Entre as ideias apresentadas pelo candidato está a criação de uma secretaria executiva ou de um Ministério da Inteligência Artificial e Robótica. Cury afirmou que a digitalização da máquina pública poderia reduzir despesas e citou uma possível economia entre R$ 150 bilhões e R$ 200 bilhões.

Na saúde, defendeu que 80% das consultas básicas do Sistema Único de Saúde (SUS) fossem realizadas por telemedicina. Cury foi questionado sobre um possível conflito de interesses por ter sido embaixador de uma empresa do setor e negou que ainda mantenha relação com a companhia.

Na área de segurança, o candidato propôs o uso de drones e de um aplicativo para acelerar o atendimento a mulheres vítimas de violência. Segundo Cury, a ferramenta teria um botão de alerta capaz de acionar a delegacia mais próxima.

Outra proposta que ganhou repercussão foi a ideia de utilizar influenciadores digitais nas embaixadas brasileiras. Cury defendeu uma “repaginada” na atuação diplomática para melhorar a promoção dos produtos e da imagem do Brasil no exterior.
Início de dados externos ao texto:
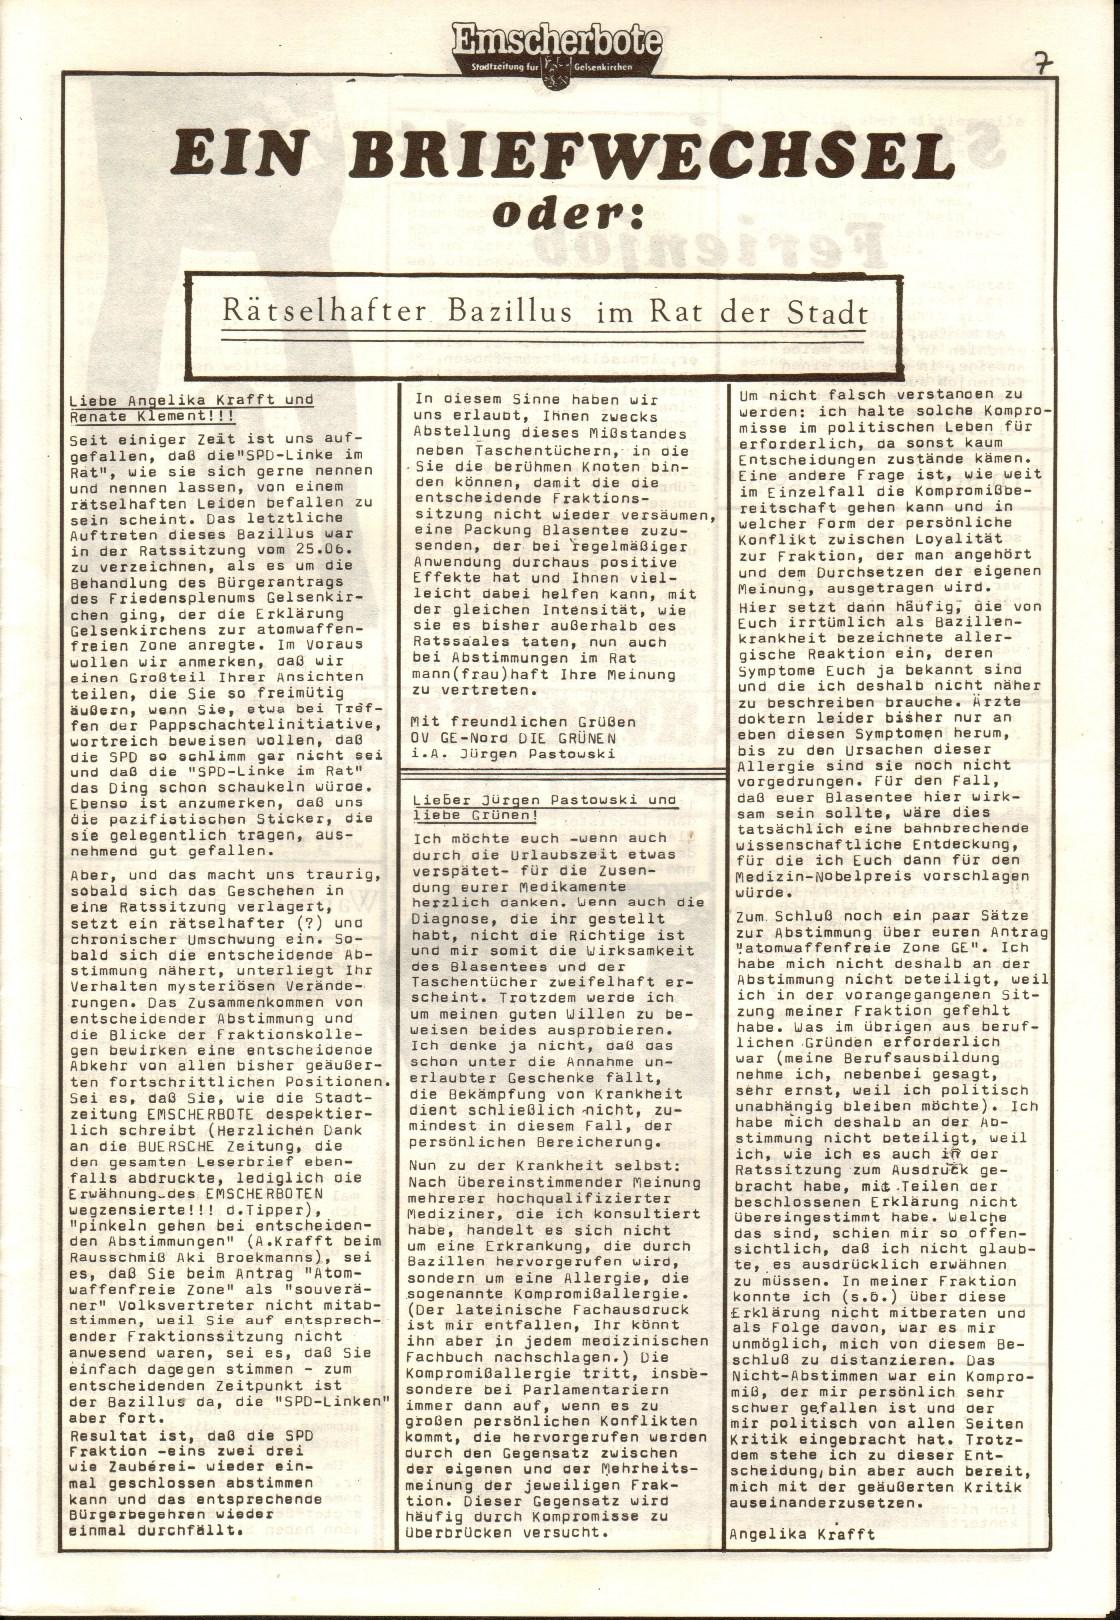 Gelsenkirchen_Emscherbote_1982_20_07
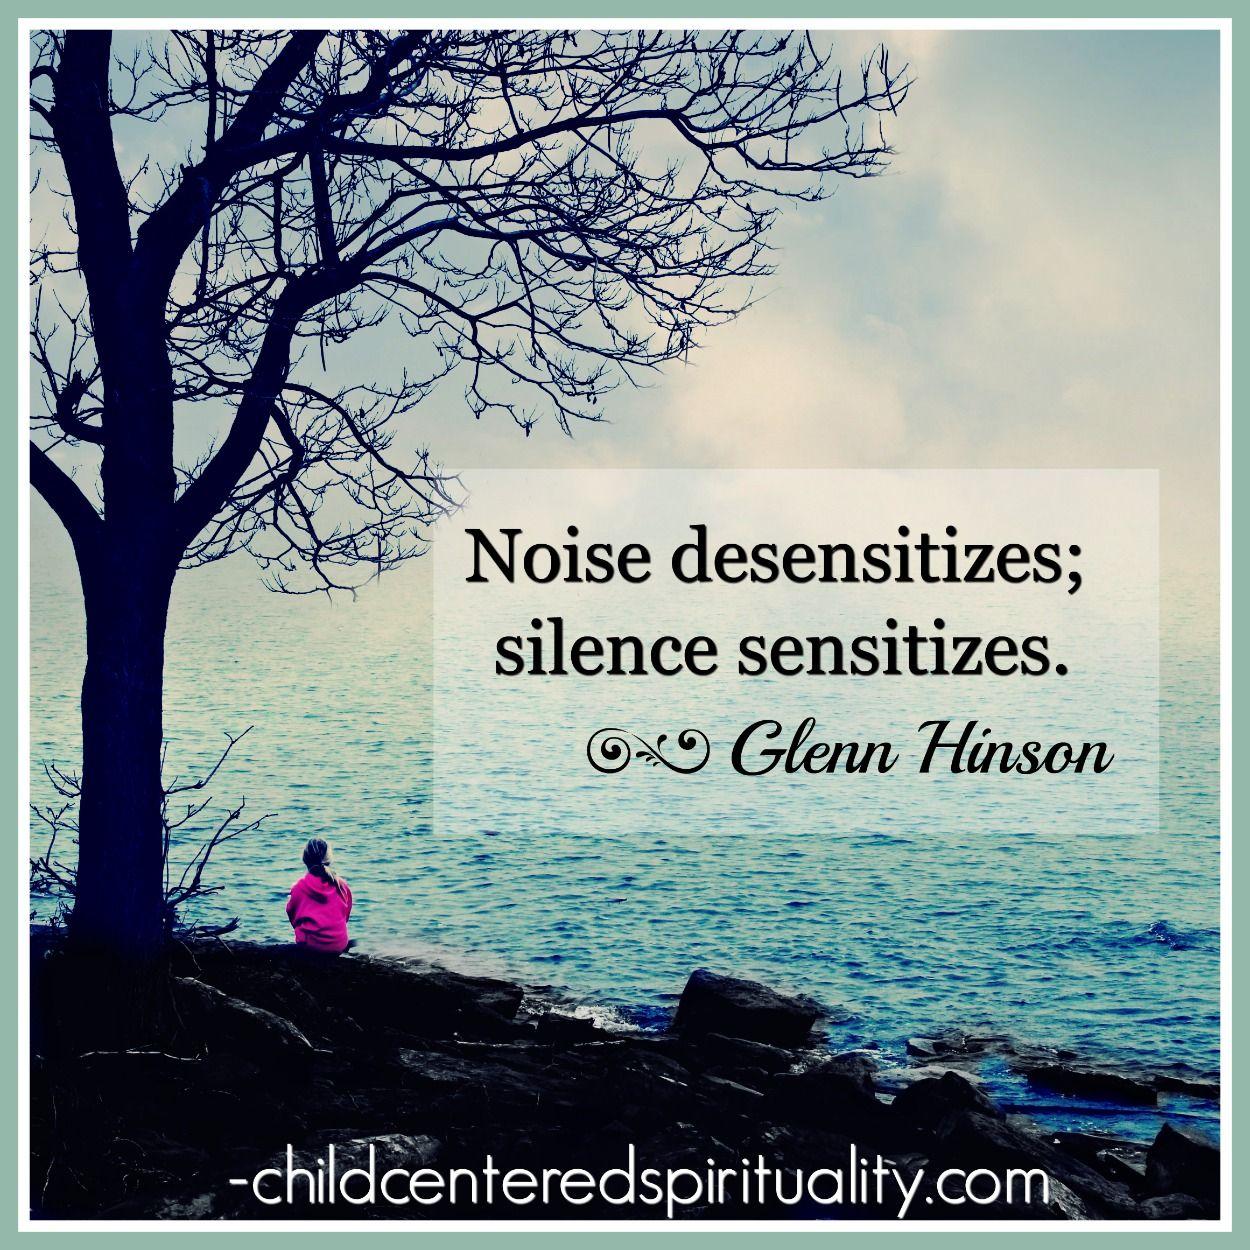 #Quote: Noise desensitizes; silence sensitizes.  --Glenn Hinson

“Nós, em destaque, deveríamos treinar os embaixadores e também os colaboradores para serem influenciadores para vender melhor o Brasil lá fora, porque o Brasil não é vendido bem lá fora”, afirmou Cury durante a entrevista.

A proposta de Augusto Cury de colocar influenciadores digitais nas embaixadas brasileiras virou meme após a sabatina no Jornal Nacional. A ideia foi apresentada pelo candidato durante uma pergunta sobre a relação do Brasil com outras potências e sobre a atuação do Itamaraty no exterior.

Discurso de alternativa à polarização

Na entrevista, Cury também buscou se apresentar como uma alternativa à polarização entre os principais nomes da disputa presidencial. O candidato do Avante é escritor e médico e estreou na política eleitoral em 2026.